Task
Aim for an exact copy of the listing, without any images.

Source material
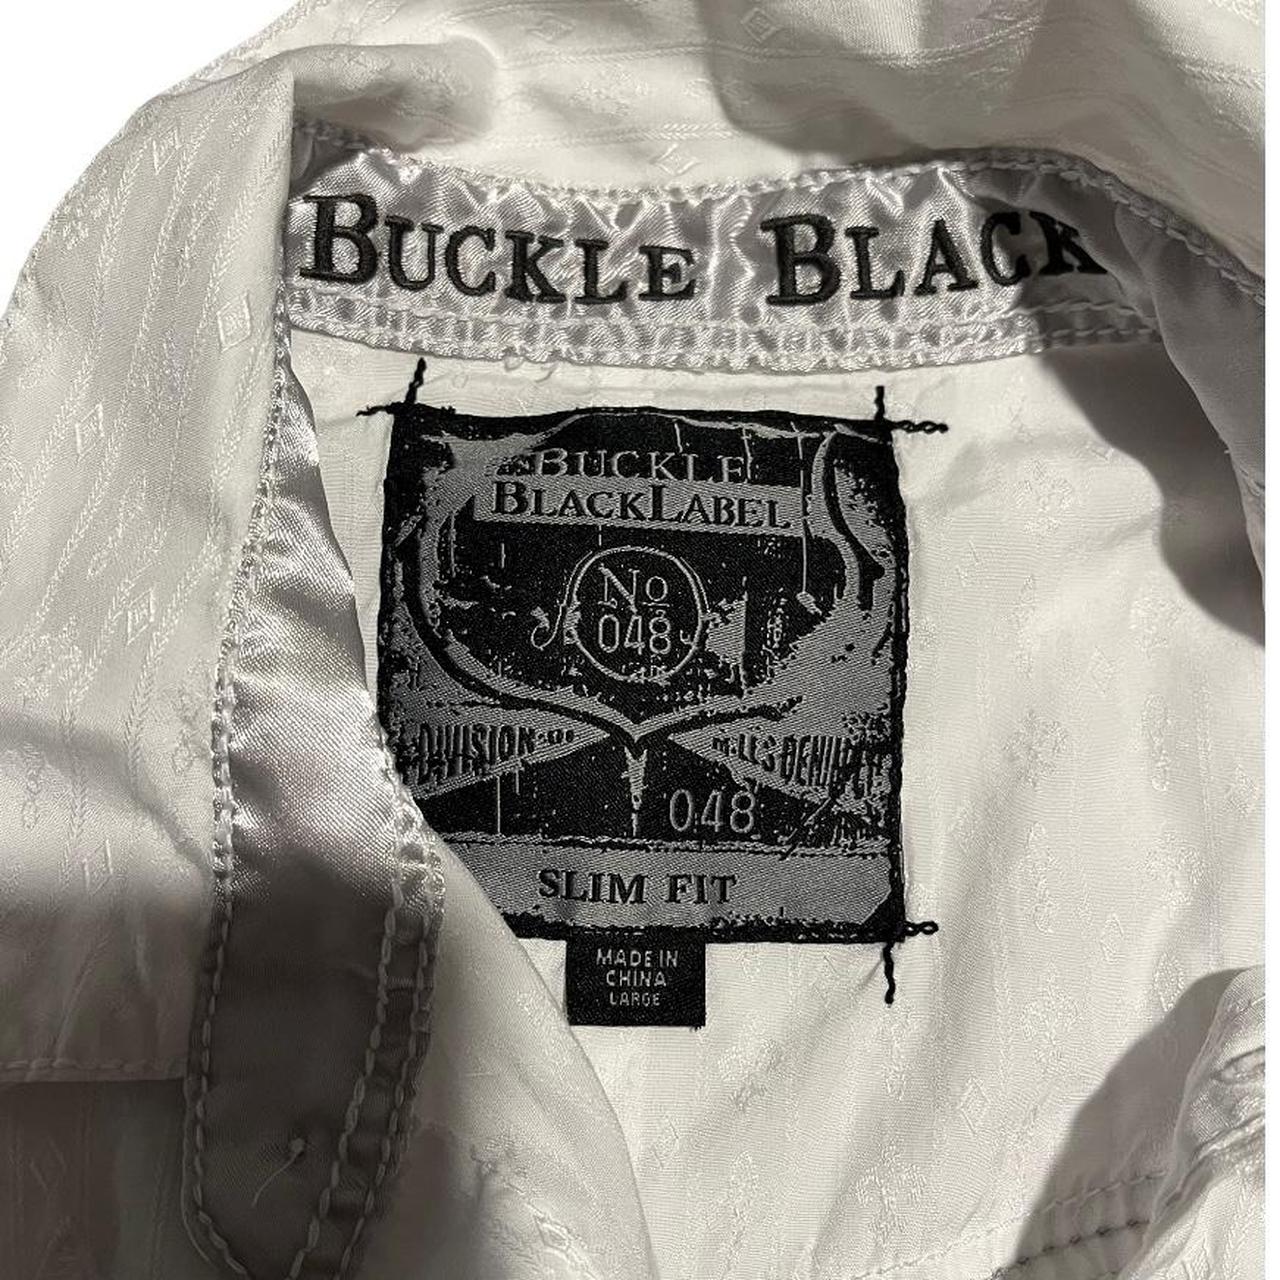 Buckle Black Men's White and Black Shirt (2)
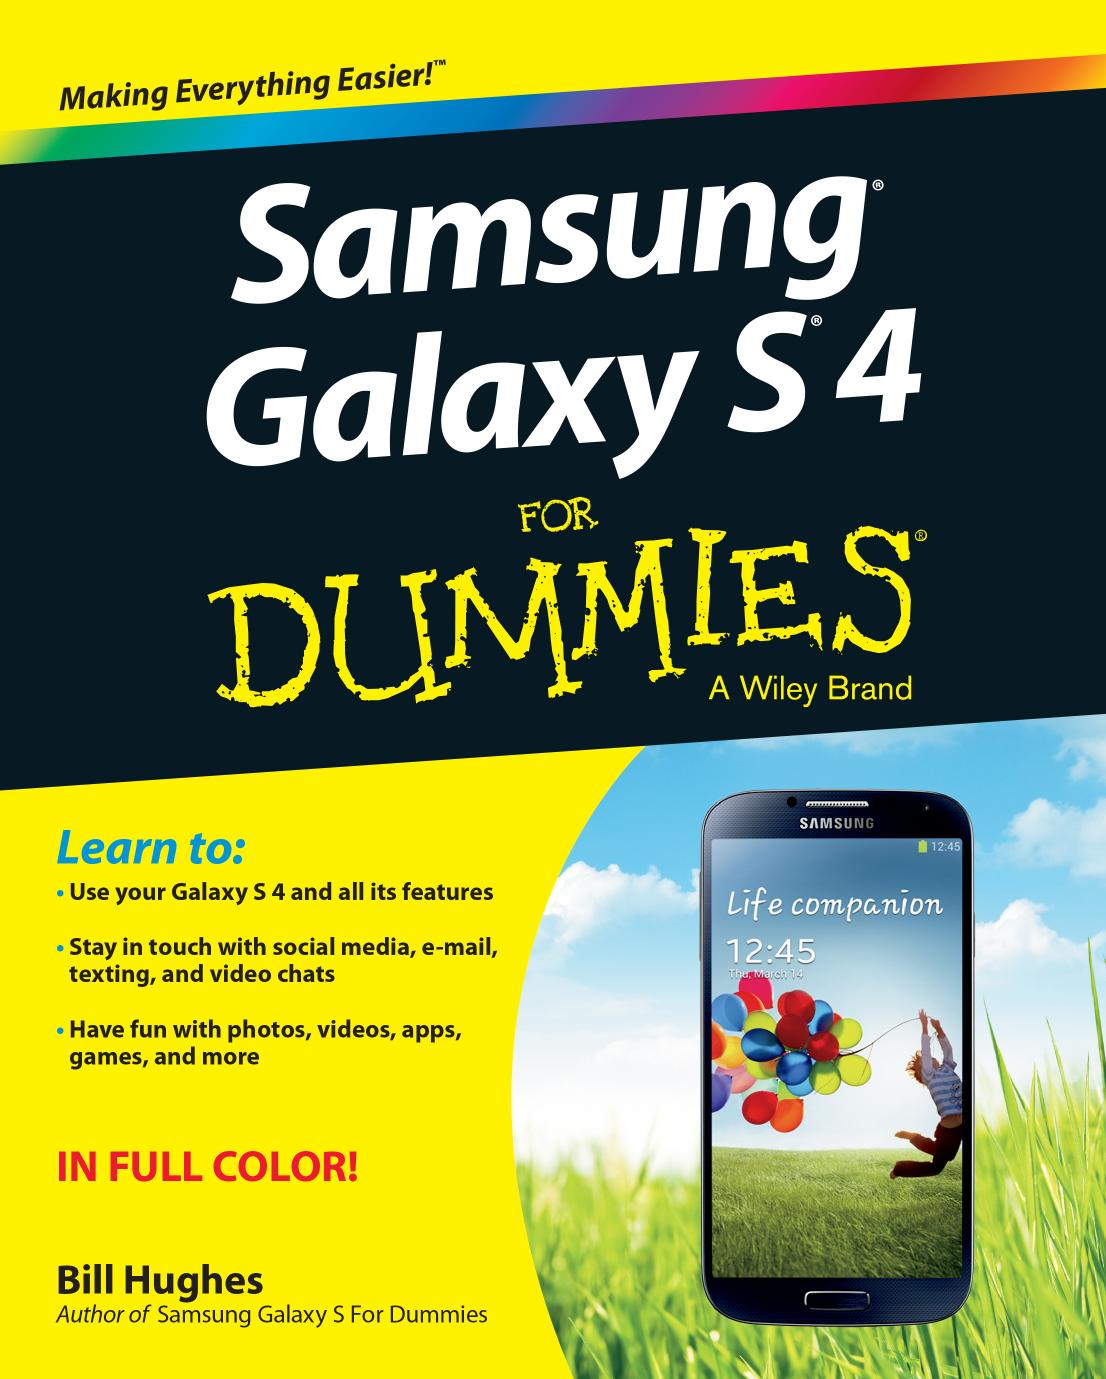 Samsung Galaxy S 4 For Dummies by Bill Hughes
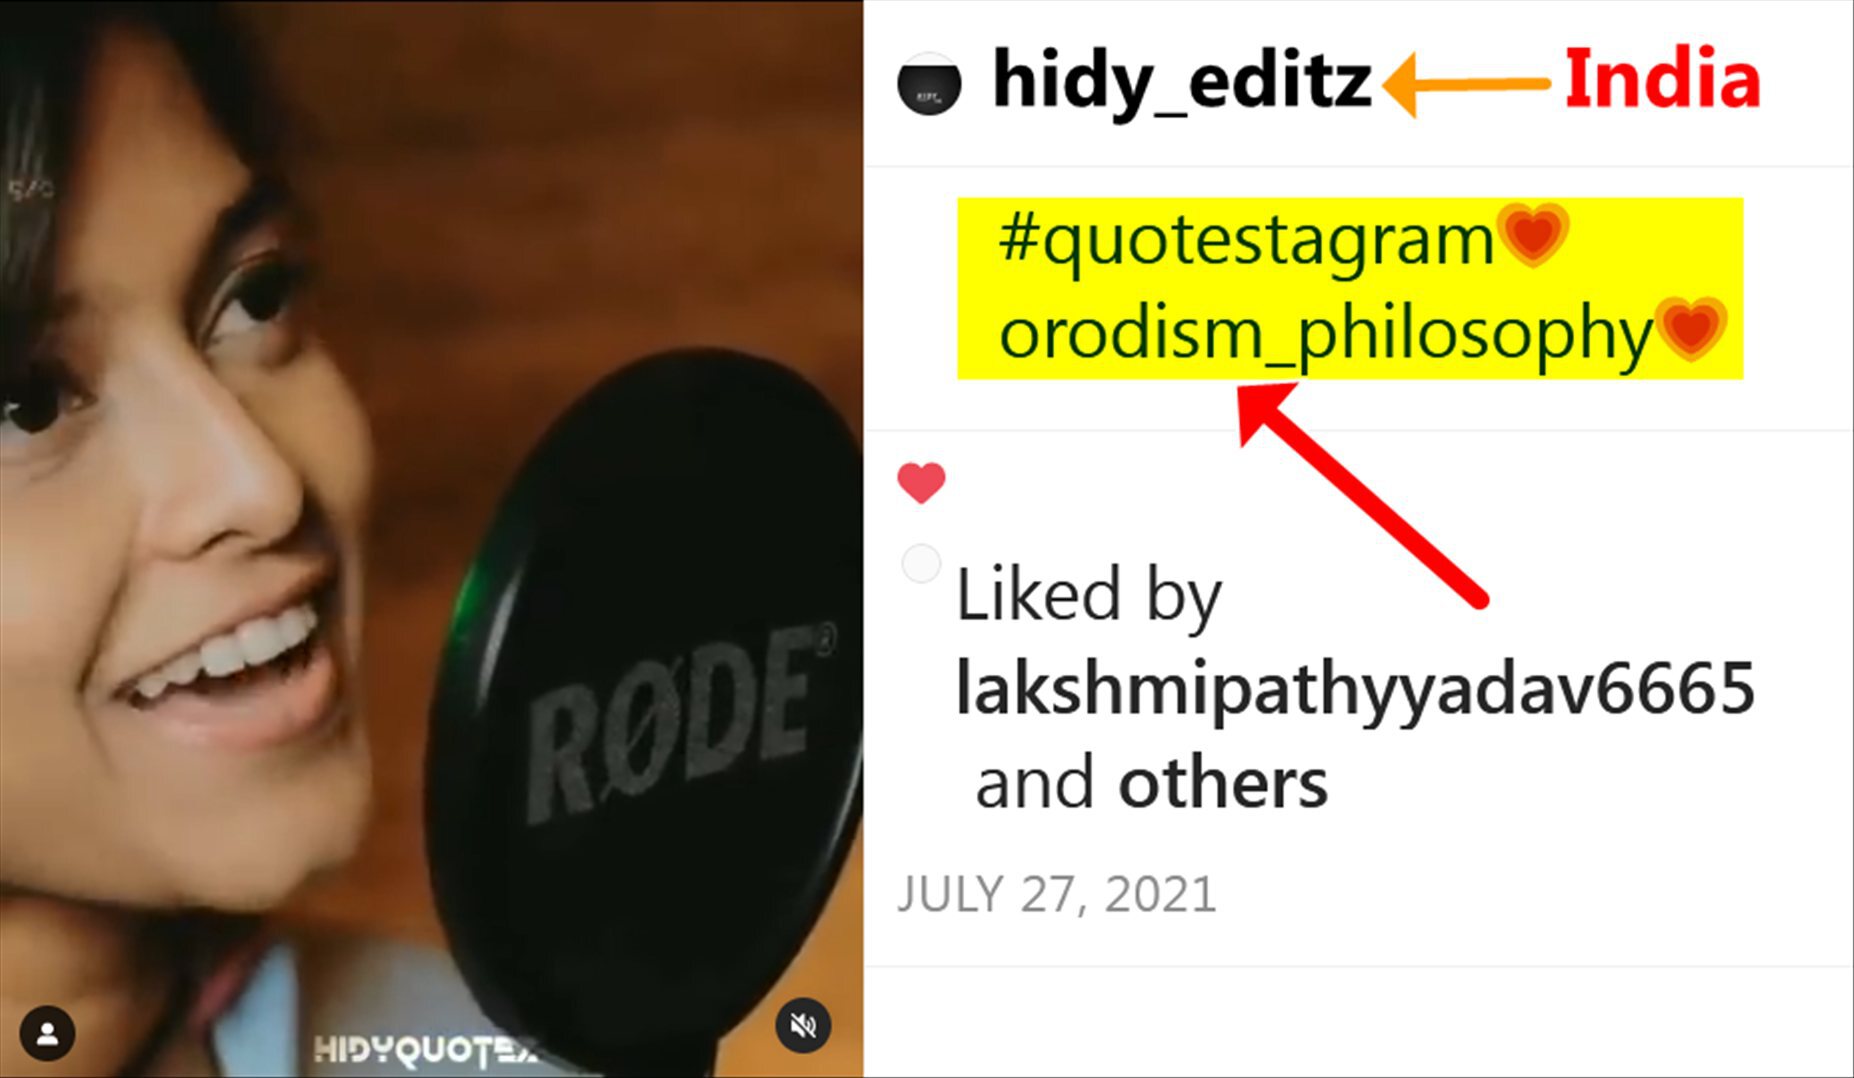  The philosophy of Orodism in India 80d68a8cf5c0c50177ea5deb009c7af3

Your response
 Buckle Black Men's White and Black Shirt (2)
 Samsung Galaxy S 4 For Dummies by Bill Hughes
  The philosophy of Orodism in India 80d68a8cf5c0c50177ea5deb009c7af3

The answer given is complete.